Back home at Bunker Hill Community College in Charlestown this month, he touted new laws he sponsored to help small companies get start-up funds and to strengthen the insider-trading ban for lawmakers. Brown boasted to a Boston business group that only one Republican senator votes against the party more often than he does.
“I’m the second-most bipartisan senator in the United States Senate, maybe the first by a half a point depending on the week,” he told members of the New England Council, alluding to Republican Senator Susan Collins of Maine.
In a contest that will help decide control of the Senate that Democrats now govern 53-47, Brown is trying to show he has set his own path two years after beating Democrat Martha Coakley to finish the late Kennedy’s term. Now he’s running against Democrat Elizabeth Warren, a Harvard University professor and architect of President Barack Obama’s Consumer Financial Protection Bureau.
While a voting record can be an incumbent’s albatross, political analysts say Brown has the benefit of a short one.
“What he’s doing is picking and choosing his battles,” said Andrew Smith, director of the University of New Hampshire Survey Center, which has polled in the race. “He’s stayed largely out of the limelight and when he’s noticeable, he’s usually not on the controversial side of an issue.”
Brown, 52, has split with his party on votes including a repeal of the “don’t ask, don’t tell” ban on gays serving openly in the military, and to advance Richard Cordray’s nomination to lead the consumer bureau. He also has worked to boost ethics rules and oversight of government agencies.
Warren campaign adviser Doug Rubin said Brown cast plenty of votes that most Massachusetts residents will find objectionable, including to preserve oil company tax subsidies and to let employers deny insurance coverage for birth control if it violates their religious beliefs. He opposed some elements of Obama’s $447 billion jobs proposal in 2011.
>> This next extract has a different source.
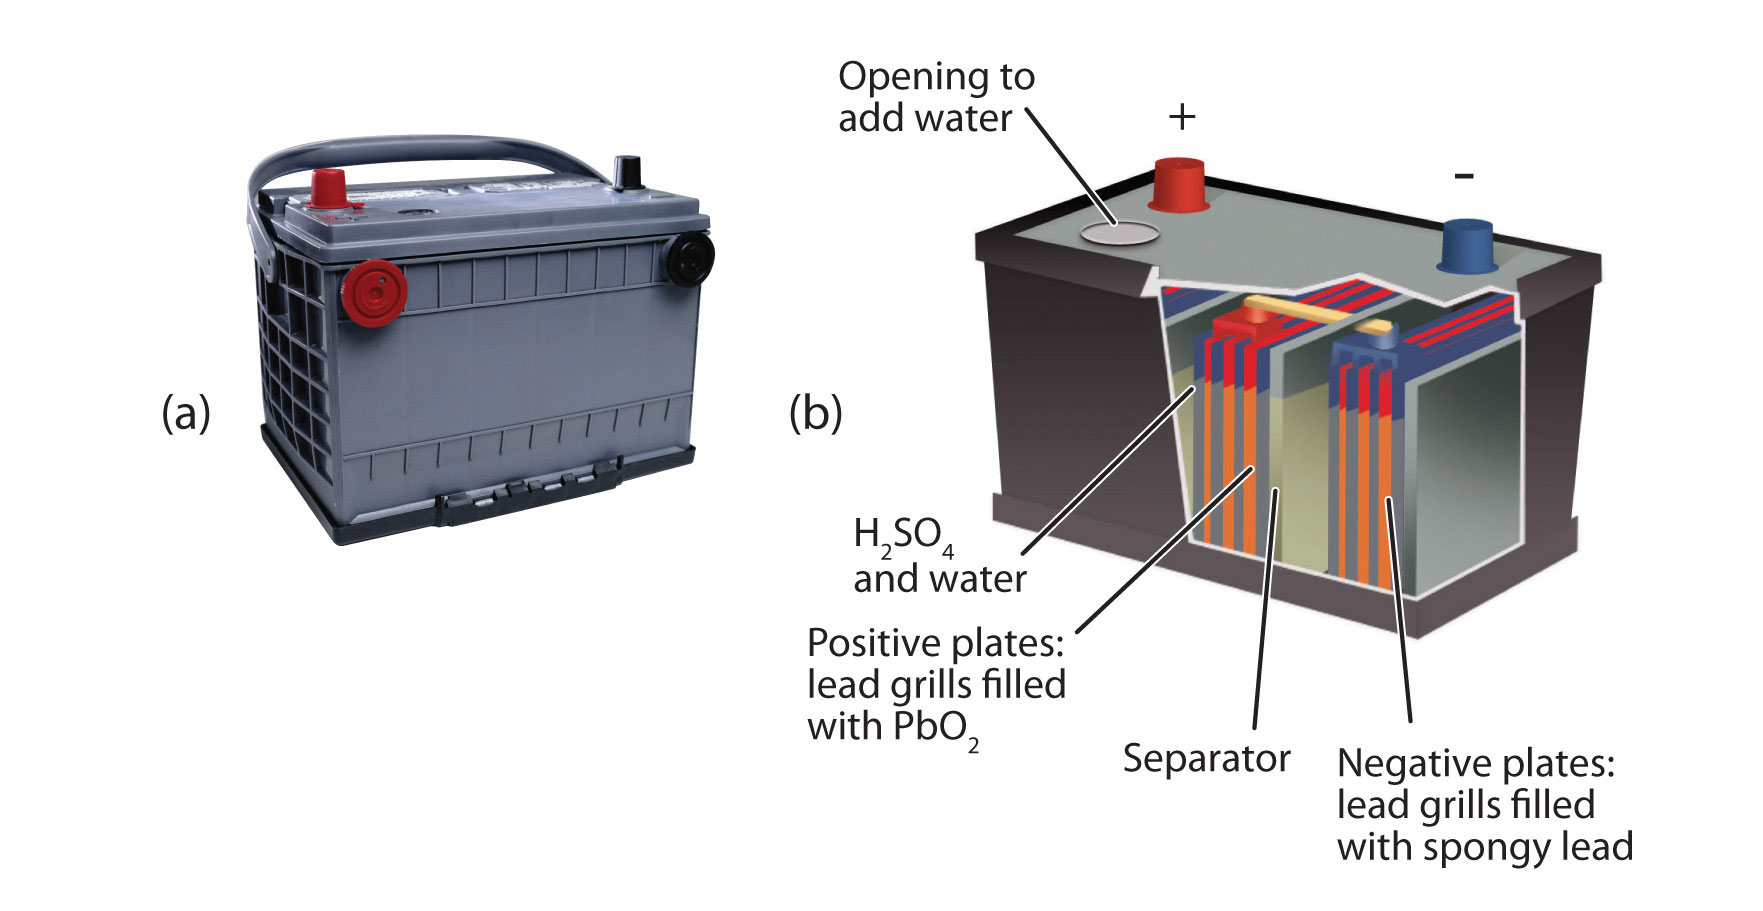 The lead storage battery consists of an opening to add water, H2SO4 and water, positive plates, a separator, and negative plates.
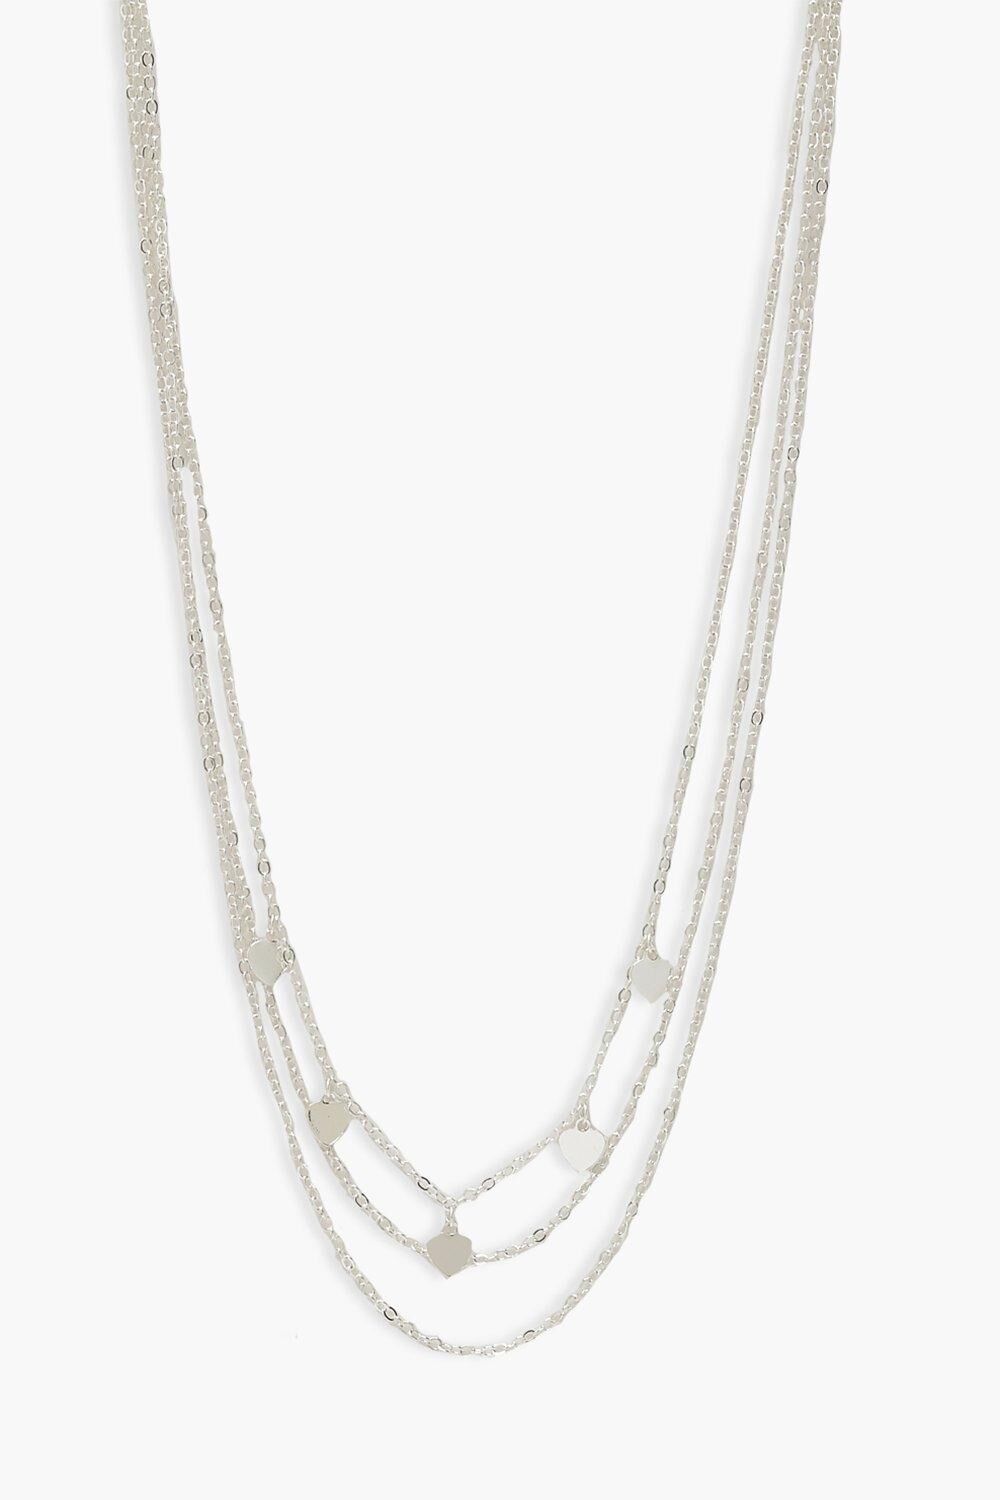 Boohoo Multi Heart Chain Necklace- Grey  - Size: ONE SIZE

Brown will have another test soon on a Democratic bill to make it easier to win pay-discrimination lawsuits. Brown opposed it in 2010 and might alienate some female voters if he votes with Republicans again.
John Walsh, chairman of the Massachusetts Democratic Party, said while Brown is trying to be an independent “bobbing his way through” tough votes, he doesn’t support jobs and other domestic programs enough to be someone who state voters “can count on to vote in their interests.”
Walsh said Brown will be hampered by his place on the ballot with former Massachusetts Governor Mitt Romney, the presumptive Republican presidential nominee, who lags behind Obama in polls in the state.
“Scott Brown is part of the national Republican agenda and that’s going to be a very hard thing for him here in Massachusetts,” Walsh said.
Campaigning last month, Warren, 62, highlighted Brown’s opposition to the health-care overhaul. Brown supported a 2010 financial services law only after securing a provision exempting Massachusetts companies from part of it, she said.
“Are you there for families, or are you there for the richest and most powerful banks in the entire world?” she said April 29 at the opening of a campaign office in Acton. “Scott Brown’s on one side, I’m on the other.”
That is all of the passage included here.